_Assigned task:_ Could the data below please be reproduced word for word, without the pictures?

_Exercise data:_
'''

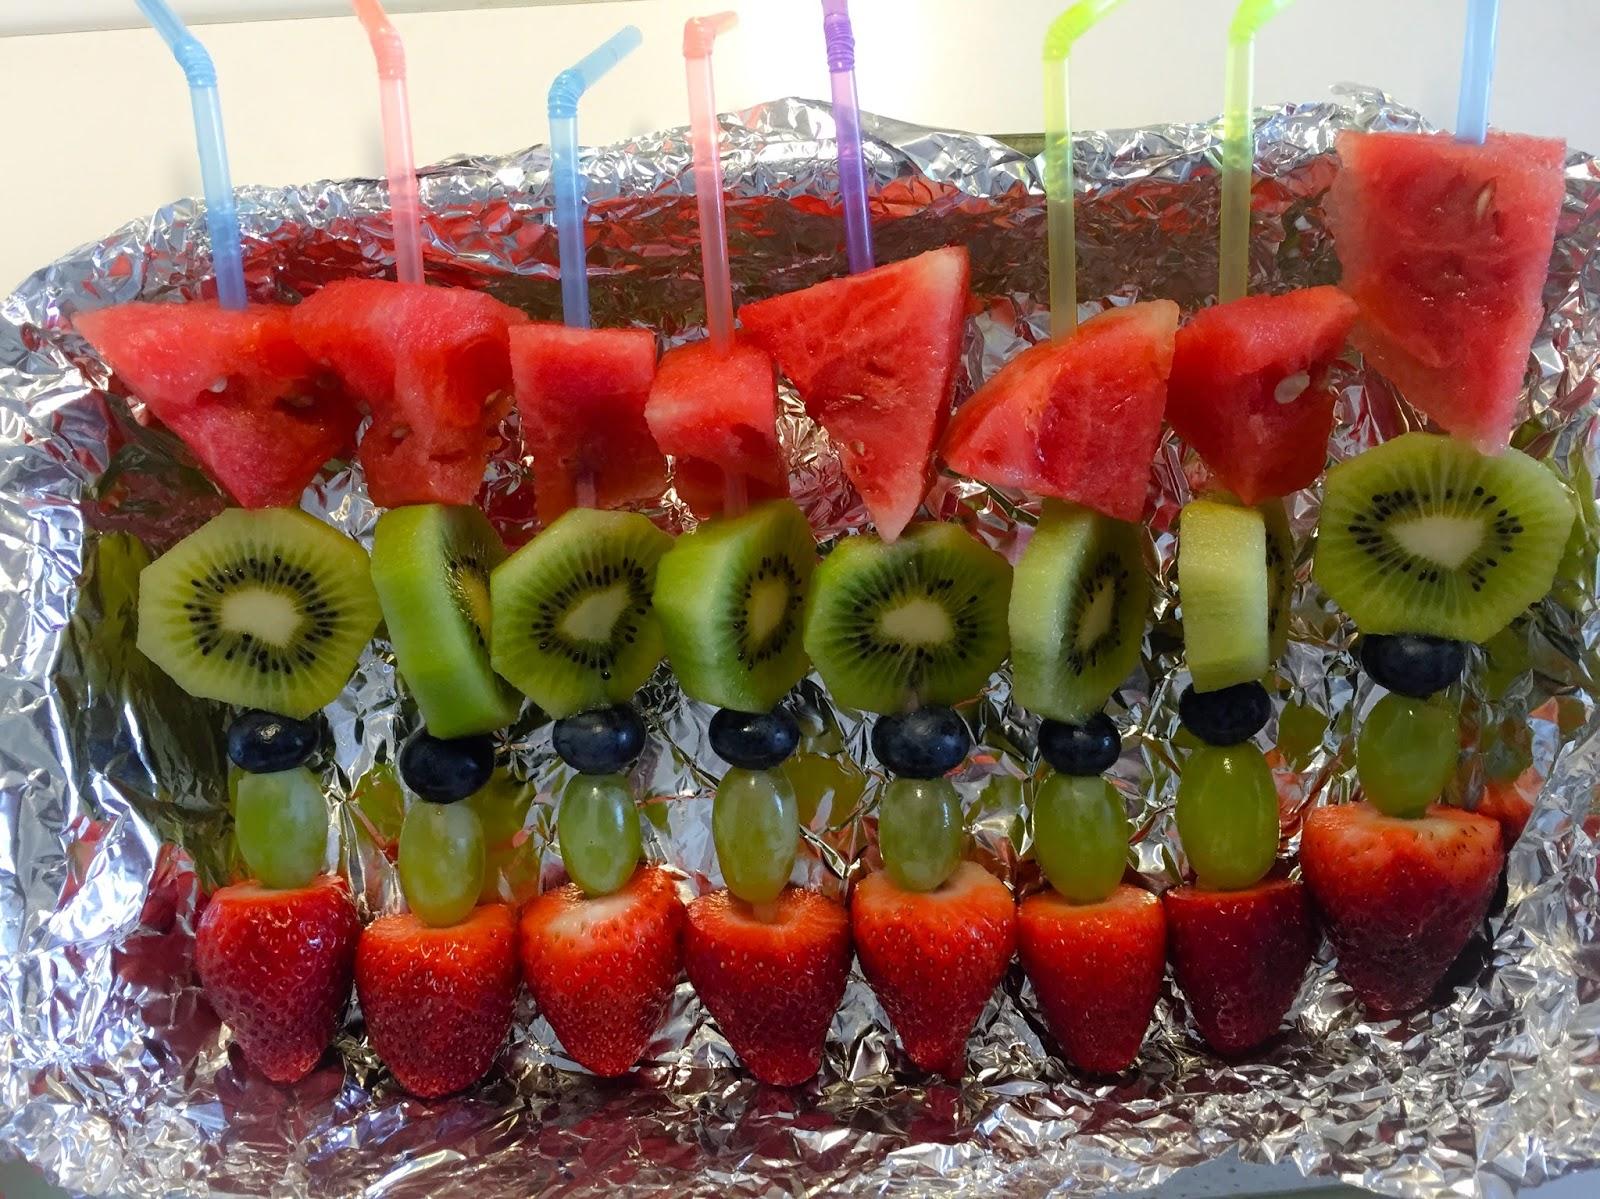 barnkalas barn tips ideér inspiration fruktspett tårta fika bjuda nyttigt
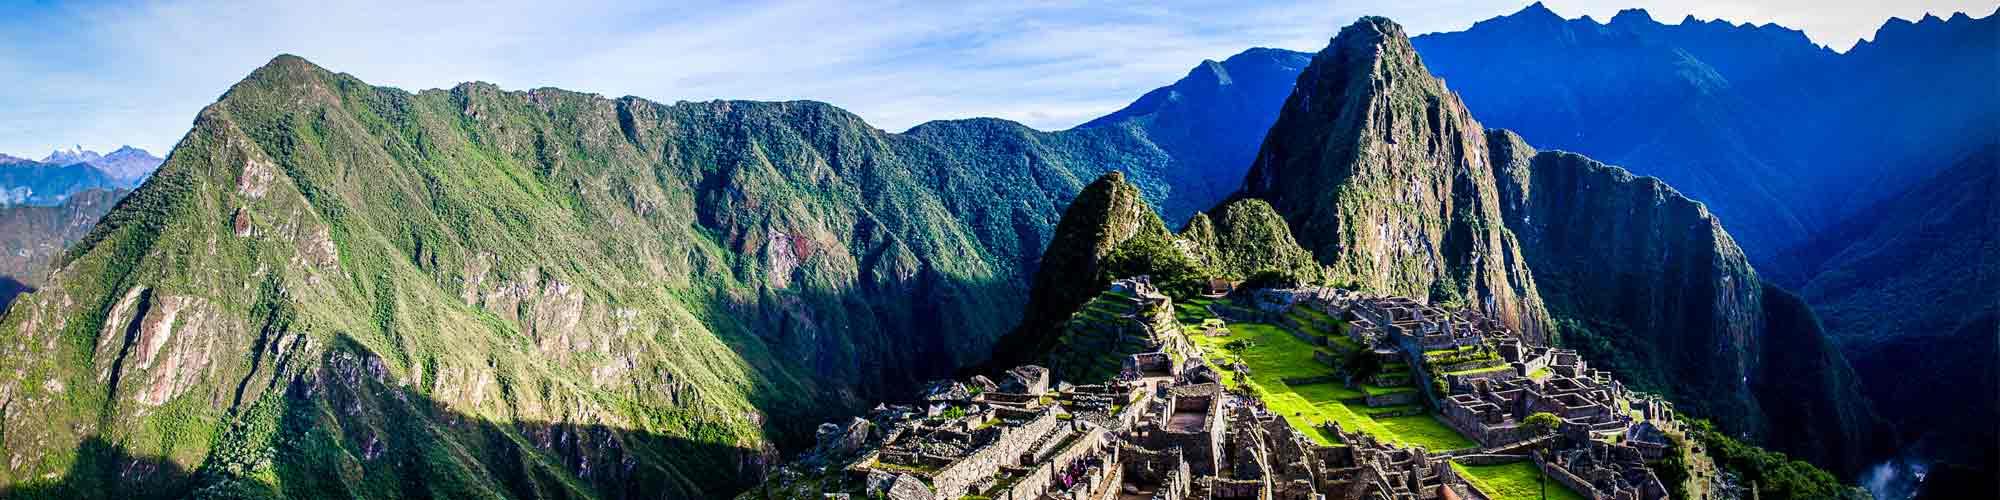 Resultado de imagen para Lima peru
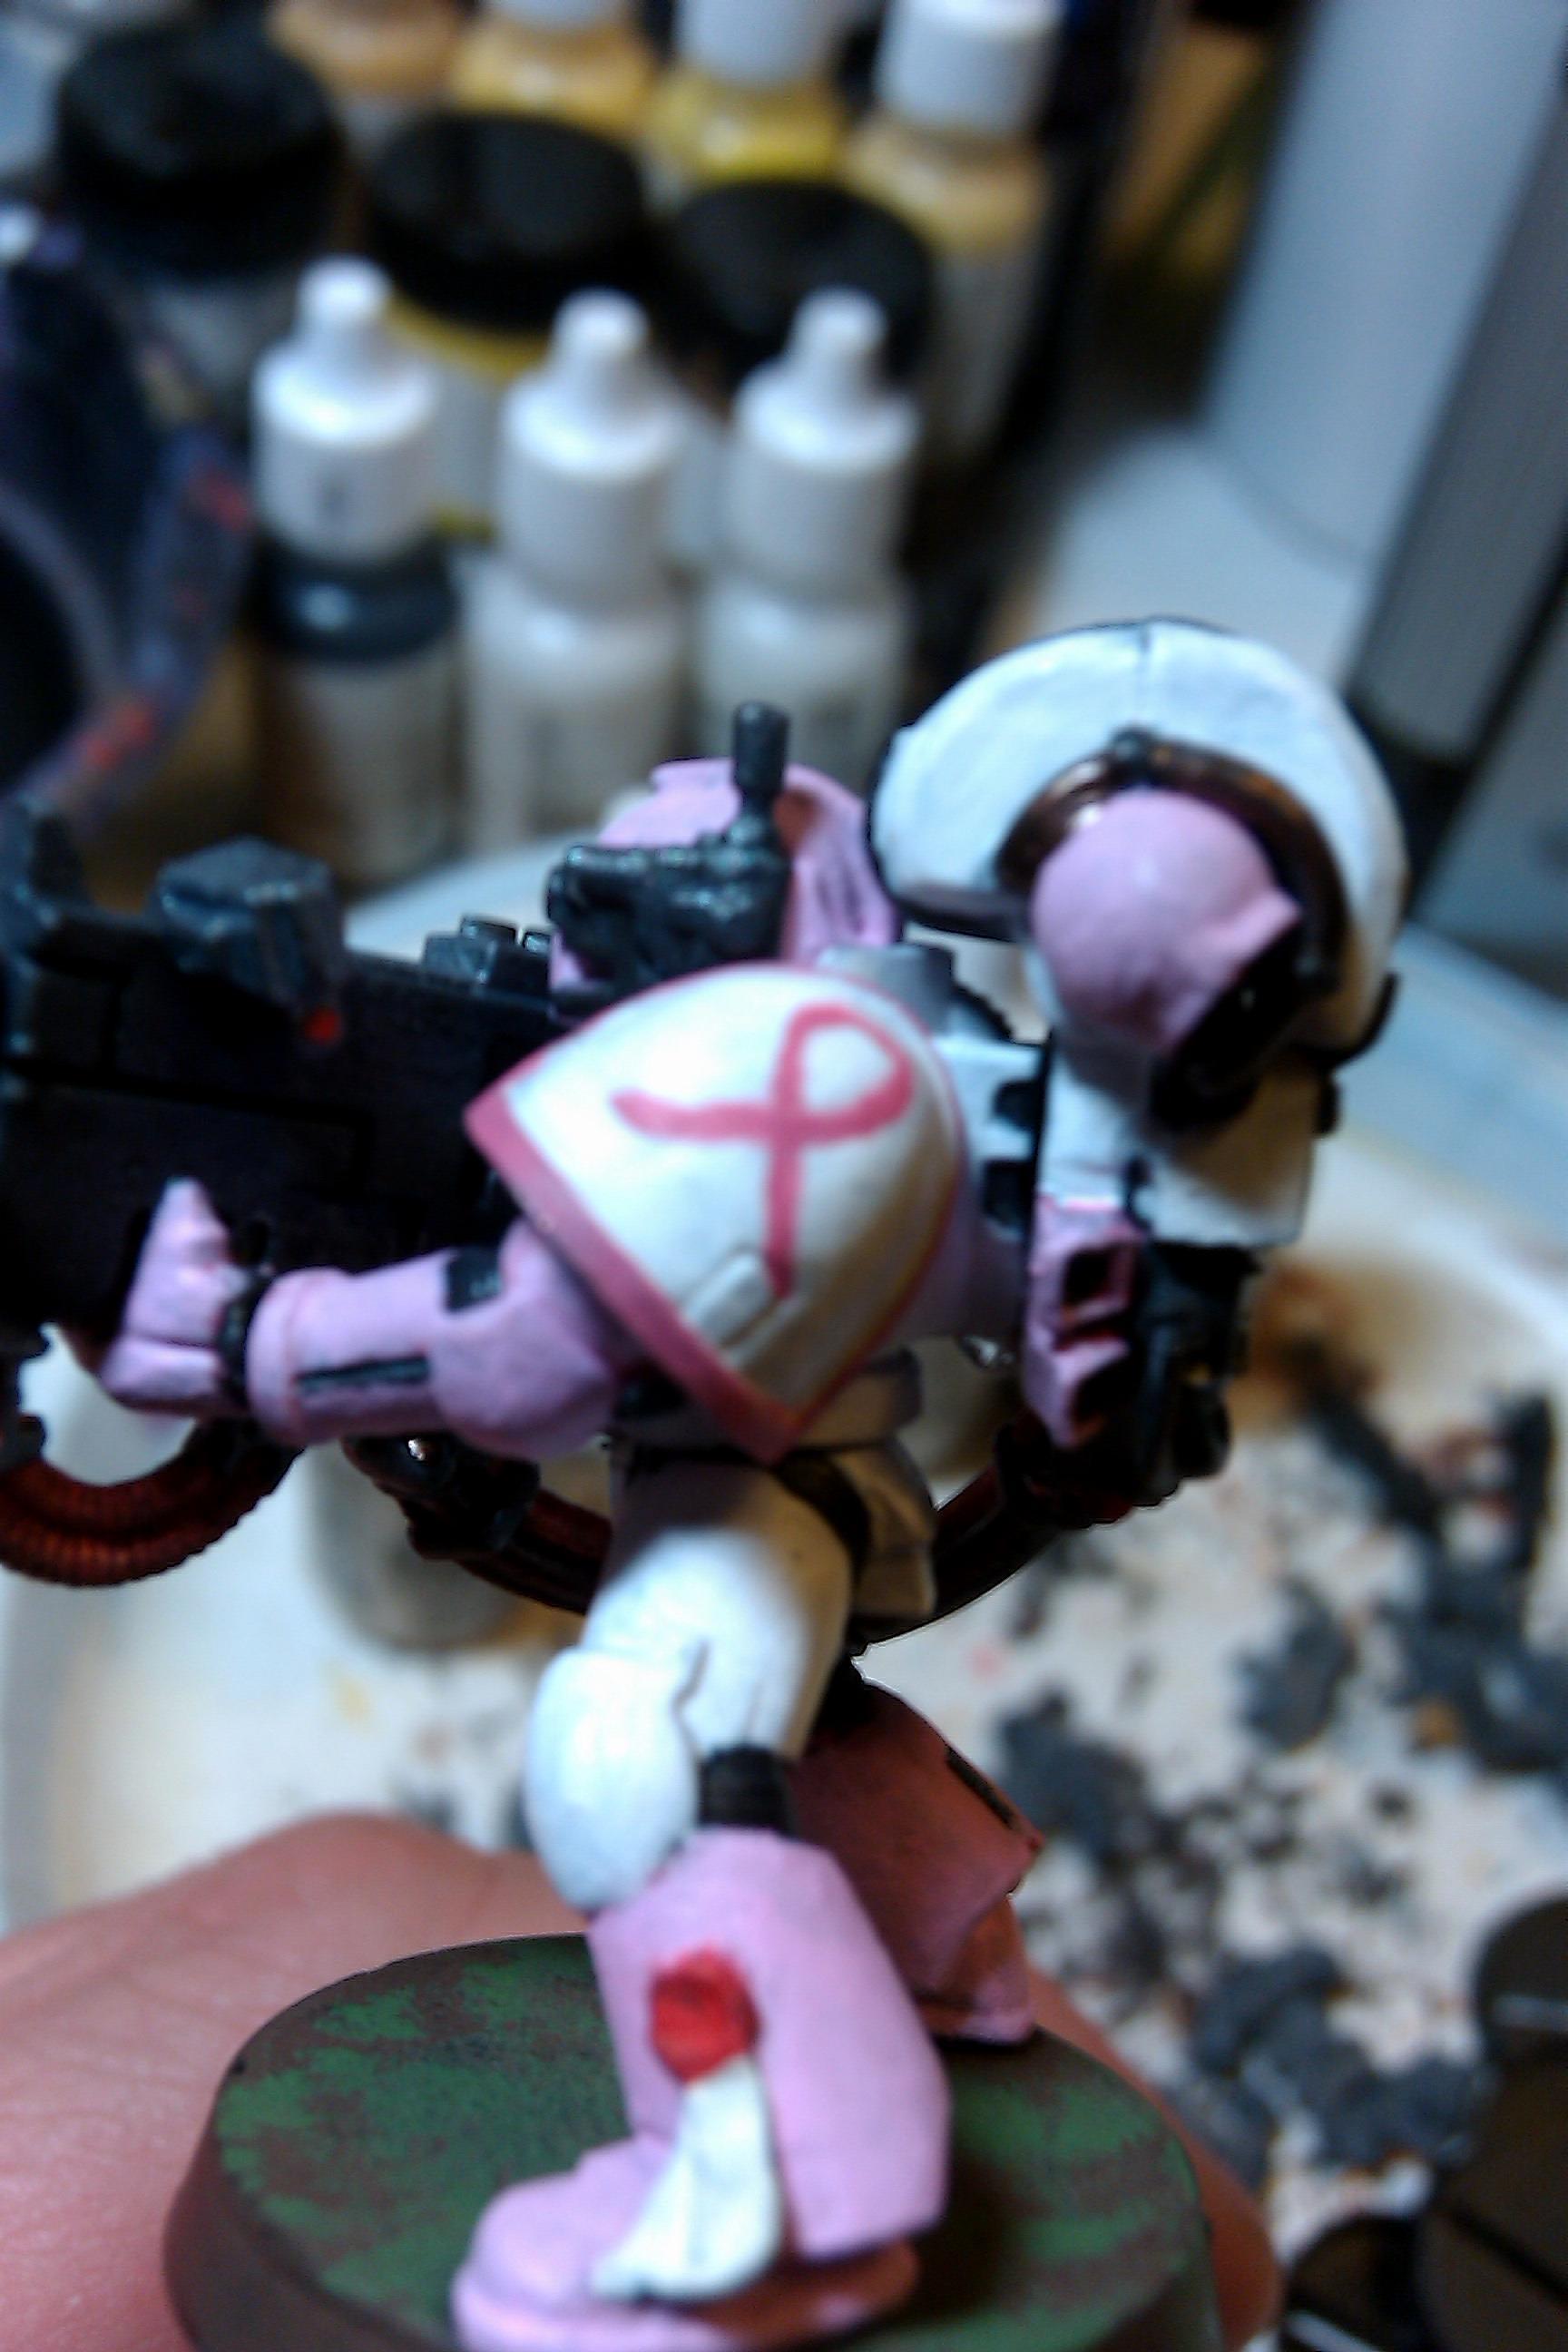 2nd Base, Breast Cancer, Multimelta, Pink, Second Base

'''

_Finished exercise:_
 barnkalas barn tips ideér inspiration fruktspett tårta fika bjuda nyttigt
 Resultado de imagen para Lima peru
 2nd Base, Breast Cancer, Multimelta, Pink, Second Base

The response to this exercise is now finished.